Numerical conditions for finite symmetry groups in space

Lemma

Let ${}G\subseteq \operatorname {SO} _{3}\!{\left(\mathbb {R} \right)}$ be a finite subgroup of order ${}n$ of the group of proper, linear isometries of ${}\mathbb {R} ^{3}$ . Let ${}K_{1},\ldots ,K_{m}$ be the different classes of semiaxes of ${}G$ , and for every class, let ${}n_{i}$ , ${}i=1,\ldots ,m$ , be the order of the stabilizer group ${}G_{H}$ , ${}H\in K_{i}$ , which are, due to Lemma 50.9 , independent of ${}H\in K_{i}$ . Then

{}2{\left(1-{\frac {1}{n}}\right)}=\sum _{i=1}^{m}{\left(1-{\frac {1}{n_{i}}}\right)}\,.

Proof

For two opposite semiaxes ${}H$ and ${}-H$ , we have ${}G_{H}=G_{-H}$ . For two semiaxes ${}H_{1}$ and ${}H_{2}$ that do not belong to the same axis (in particular, they are different) we have the relation ${}G_{H_{1}}\cap G_{H_{2}}=\operatorname {Id}$ , because an isometry with two rotation axes is the identity. Since ${}G$ is the union of all ${}G_{H}$ , ${}H\in {\mathfrak {H}}(G)$ , we have a union

{}G\setminus \{\operatorname {Id} \}=\bigcup _{H\in {\mathfrak {H}}(G)}{\left(G_{H}\setminus \{\operatorname {Id} \}\right)}\,,

where every group element ${}g\neq \operatorname {Id}$ appears twice on the right-hand side. Therefore,

{}2(n-1)=\sum _{H\in {\mathfrak {H}}(G)}{\left(\operatorname {ord} \,(G_{H})-1\right)}\,.

The classes ${}K_{i}$ contain ${}n/n_{i}$ elements.
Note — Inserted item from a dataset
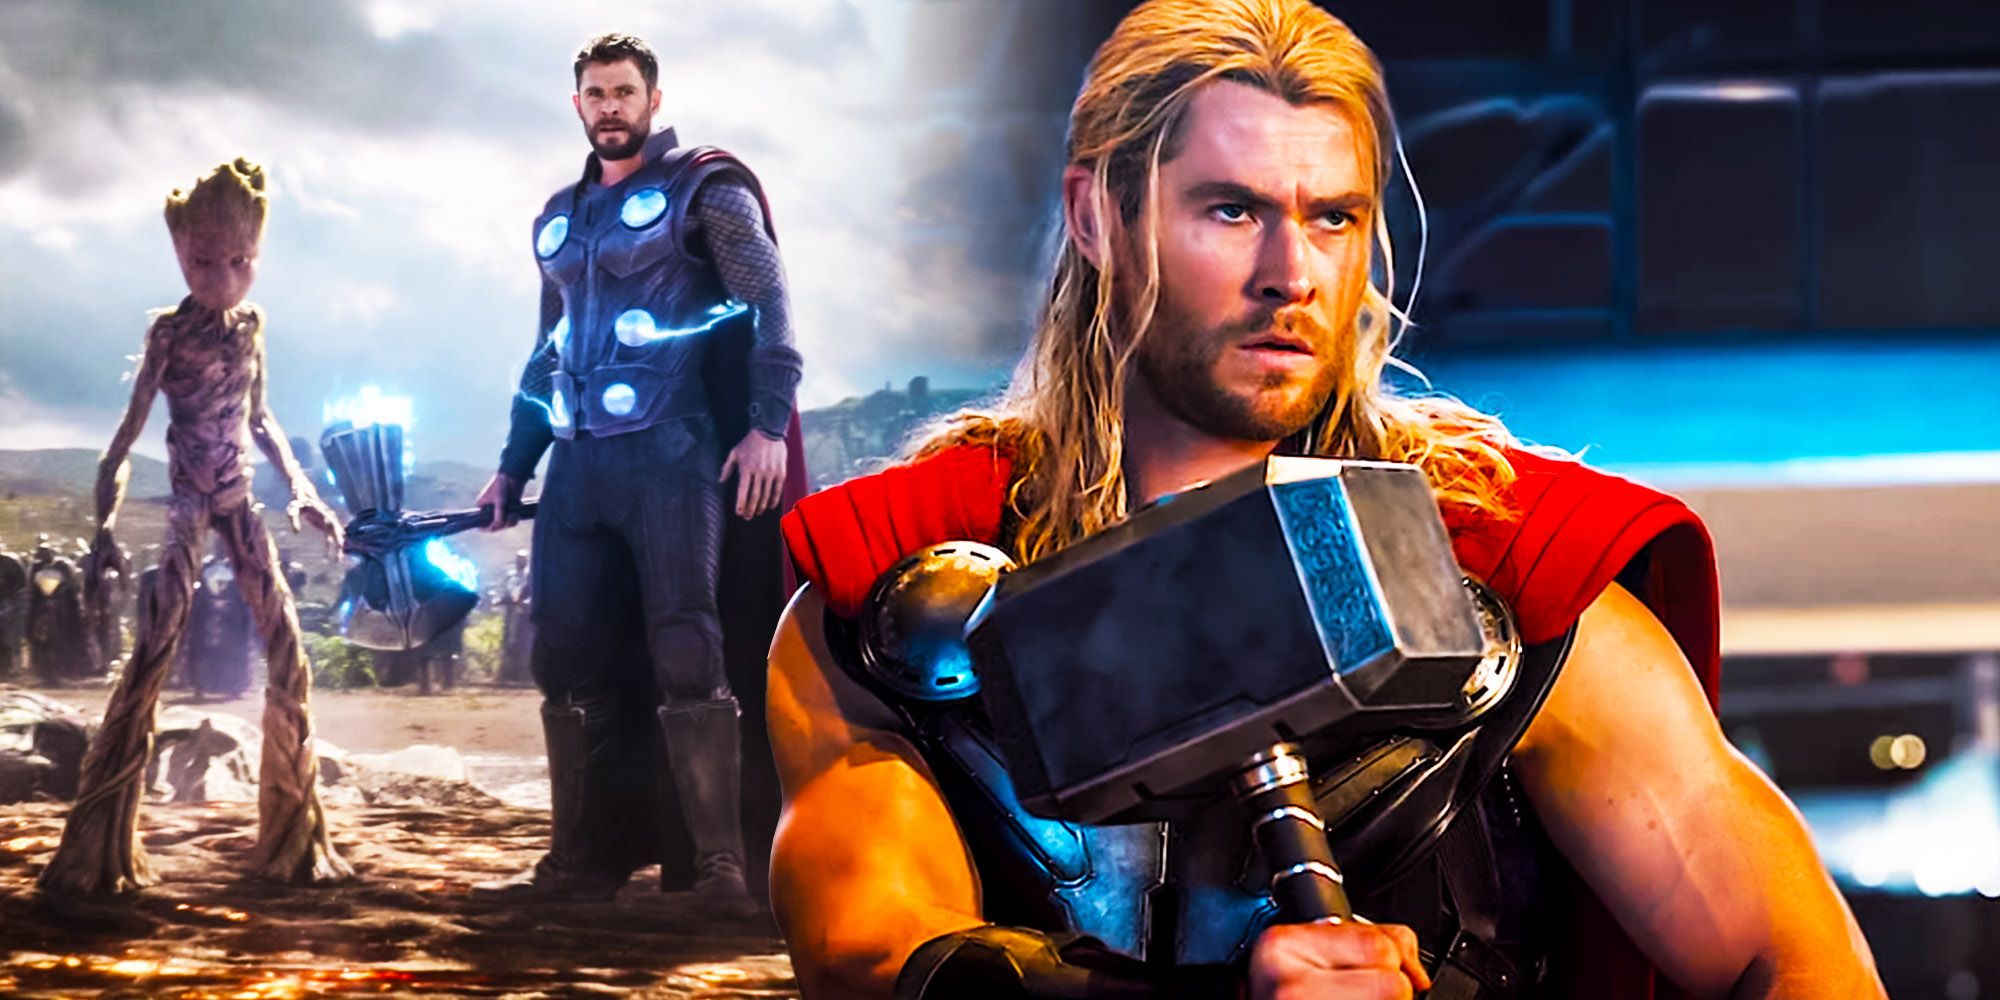 Thor mjolnir and stormbreaker
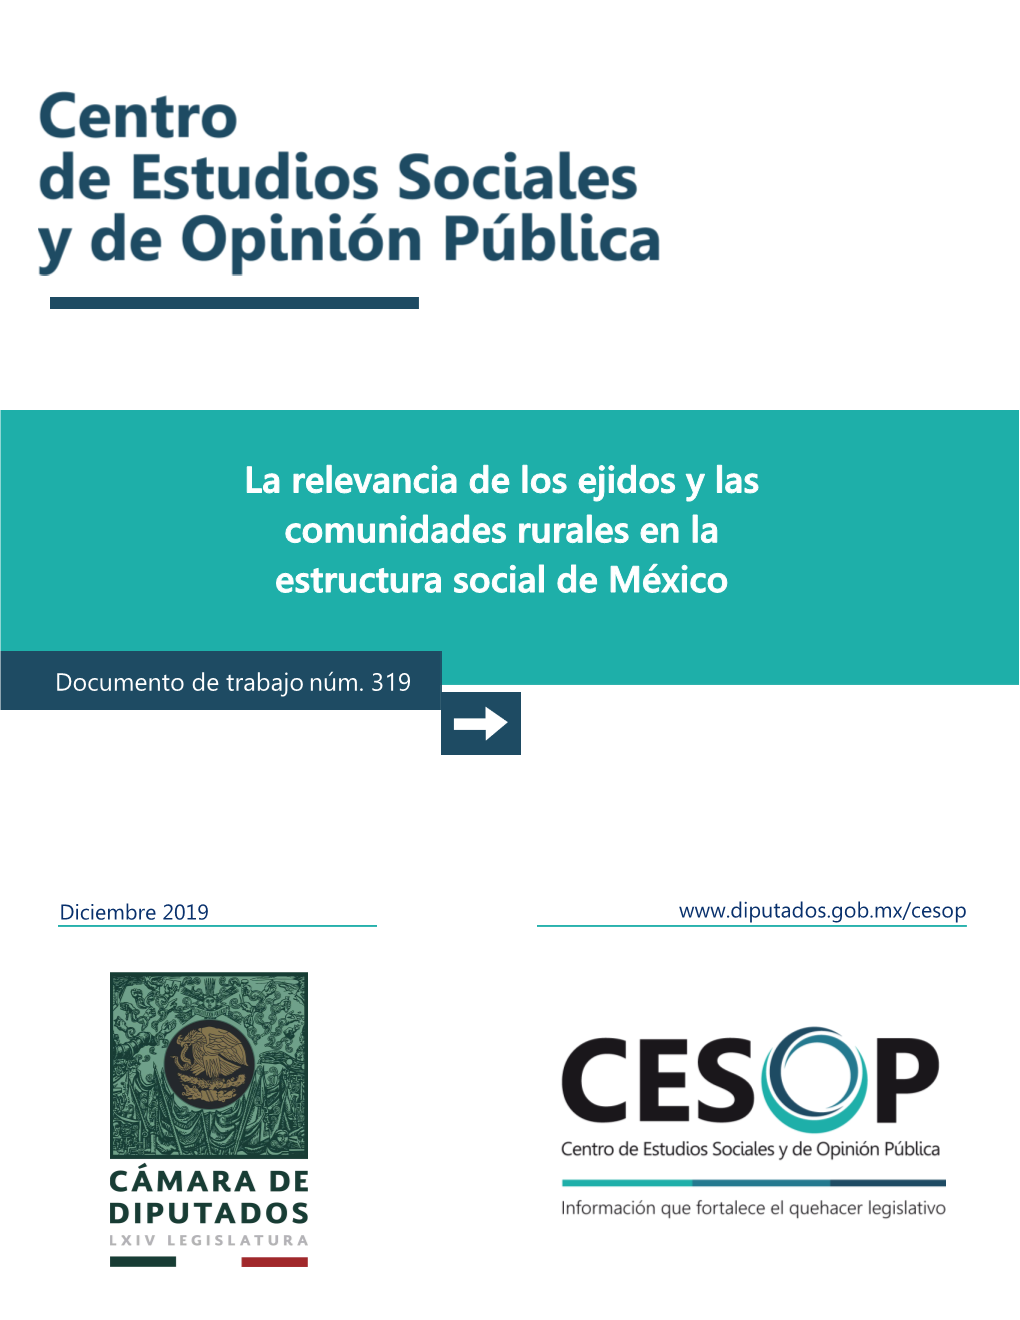 La Relevancia De Los Ejidos Y Las Comunidades Rurales En La Estructura Social De México

Hence,

{}2(n-1)=\sum _{H\in {\mathfrak {H}}(G)}{\left(\operatorname {ord} \,(G_{H})-1\right)}=\sum _{i=1}^{m}\sum _{H\in K_{i}}(n_{i}-1)=\sum _{i=1}^{m}{\frac {n}{n_{i}}}(n_{i}-1)\,.

Dividing by ${}n$ yields the claim.

\Box

Lemma

The numerial equation

{}2{\left(1-{\frac {1}{n}}\right)}=\sum _{i=1}^{m}{\left(1-{\frac {1}{n_{i}}}\right)}\,

with

${}n\geq 2,\,m\in \mathbb {N}$ and with ${}2\leq n_{1}\leq n_{2}\leq \ldots \leq n_{m}\leq n$

has the following integer solutions.

${}m=2$ , and ${}n=n_{1}=n_{2}$ .
In case ${}m=3$ ${}m=3$ , there are the possibilities
1. ${}n_{1}=n_{2}=2$ , and ${}n=2n_{3}$ ,
2. ${}n_{1}=2$ , ${}n_{2}=n_{3}=3$ , and ${}n=12$ ,
3. ${}n_{1}=2$ , ${}n_{2}=3$ , ${}n_{3}=4$ , and ${}n=24$ ,
4. ${}n_{1}=2$ , ${}n_{2}=3$ , ${}n_{3}=5$ , and ${}n=60$ .

Proof

For ${}m=1$ , we muss have ${}n_{1}={\frac {n}{-n+2}}$ but this does not have a solution for ${}n\geq 2$ . For ${}m=3$ , the condition becomes

{}1+{\frac {2}{n}}={\frac {1}{n_{1}}}+{\frac {1}{n_{2}}}+{\frac {1}{n_{3}}}\,

with ${}n_{1}\leq n_{2}\leq n_{3}$ . The left-hand side is ${}>1$ . Because of ${}n_{i}\geq 2$ , at least one them is ${}n_{i}=2$ . So suppose ${}n_{1}=2$ . For ${}n_{2}=4$ , the right-hand side is again ${}\leq 1$ , so that ${}n_{2}=3$ holds. The value ${}n_{3}=3$ leads to the solution ${}n=12$ , the value ${}n_{3}=4$ leads to the solution ${}n=24$ , and the value ${}n_{3}=5$ leads to the solution ${}n=60$ . For ${}n_{3}\geq 6$ , the right-hand side is again ${}\leq 1$ , so that there is no further solution.
For ${}m\geq 4$ , the condition has the form

{}m-2+{\frac {2}{n}}={\frac {1}{n_{1}}}+{\frac {1}{n_{2}}}+{\frac {1}{n_{3}}}+{\frac {1}{n_{4}}}+\cdots +{\frac {1}{n_{m}}}\,.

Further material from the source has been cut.